BEGIN

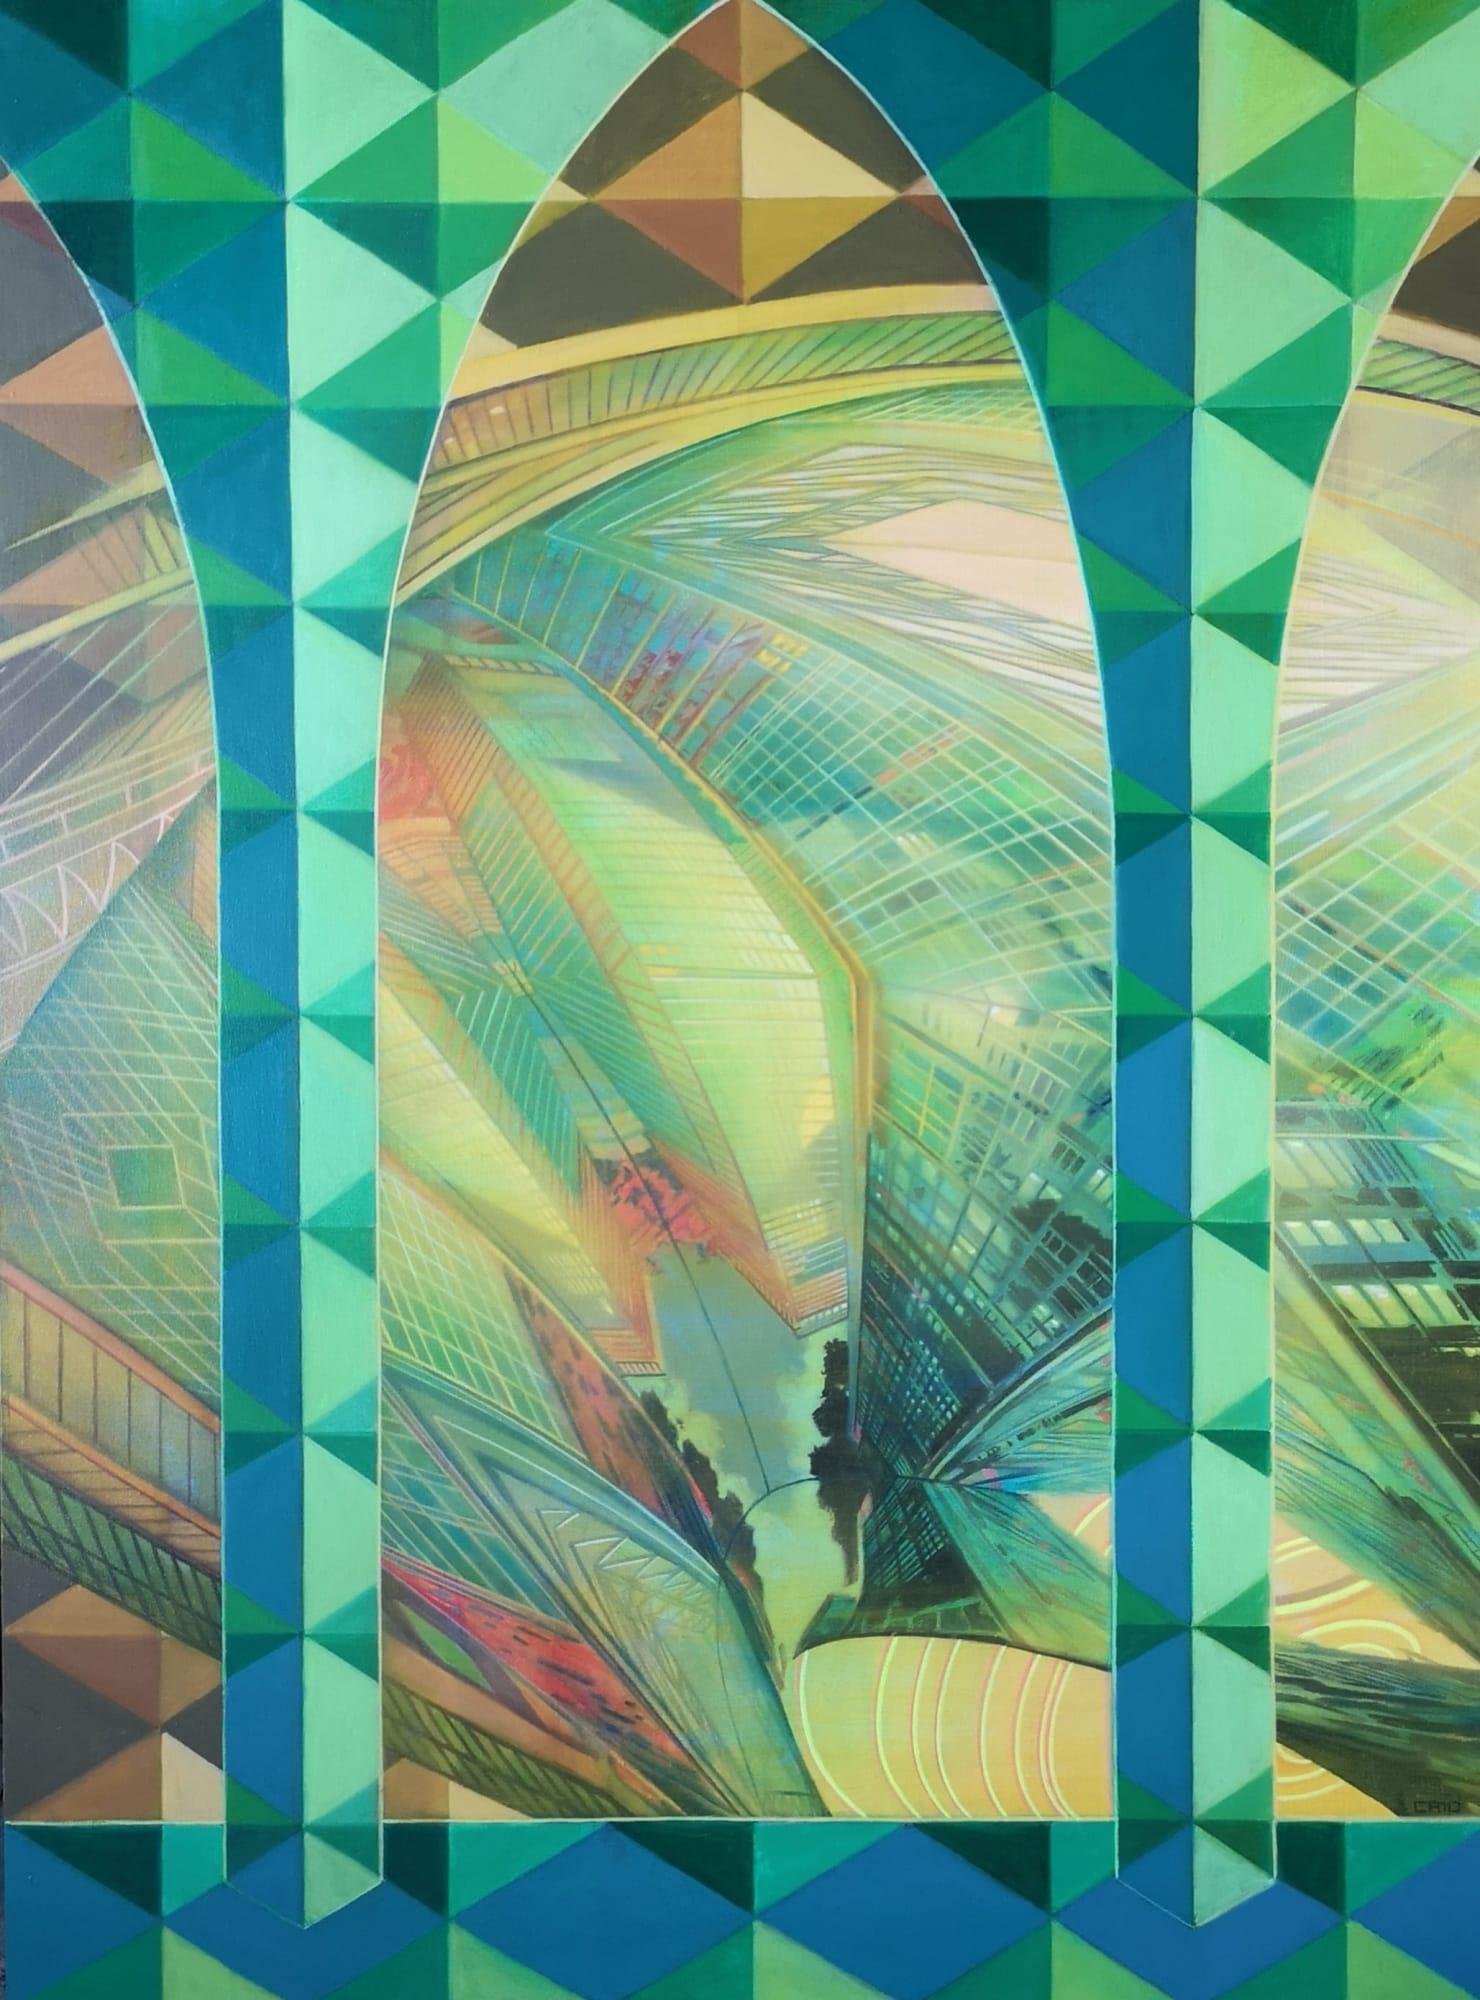 In Caio Locke's painting "Place No Place" (2019), a captivating and immersive scene unfolds, enveloping viewers in a world of vibrant green hues and mesmerizing geometric patterns. The composition is defined by a play of intersecting lines and
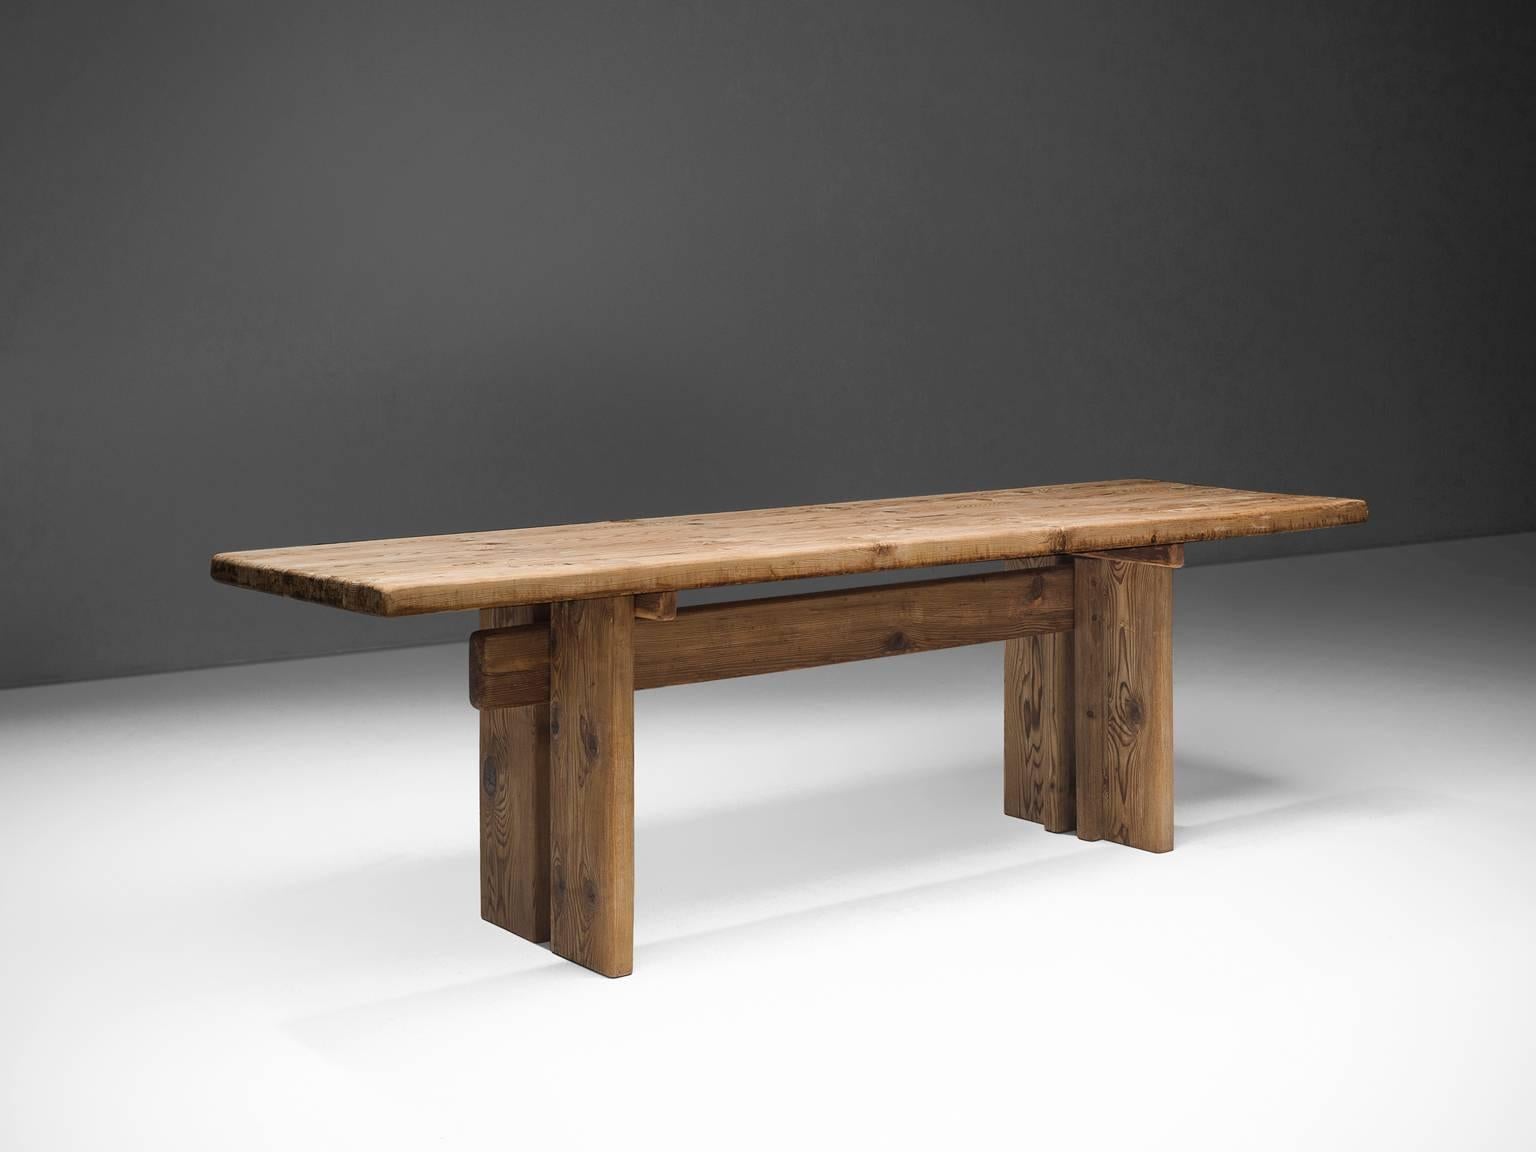 Dining table in pine wood, France, circa 1950. 

This pine table is robust and architectural in its design. The bulky piece is made of beautiful pine wood which developed a nice, rustic patina through age and use. The traditional wooden

END

AIM OF THE EXERCISE:
Return the listing above verbatim and exclude every picture.

TASK SOLUTION:
 In Caio Locke's painting "Place No Place" (2019), a captivating and immersive scene unfolds, enveloping viewers in a world of vibrant green hues and mesmerizing geometric patterns. The composition is defined by a play of intersecting lines and
 Dining table in pine wood, France, circa 1950. 

This pine table is robust and architectural in its design. The bulky piece is made of beautiful pine wood which developed a nice, rustic patina through age and use. The traditional wooden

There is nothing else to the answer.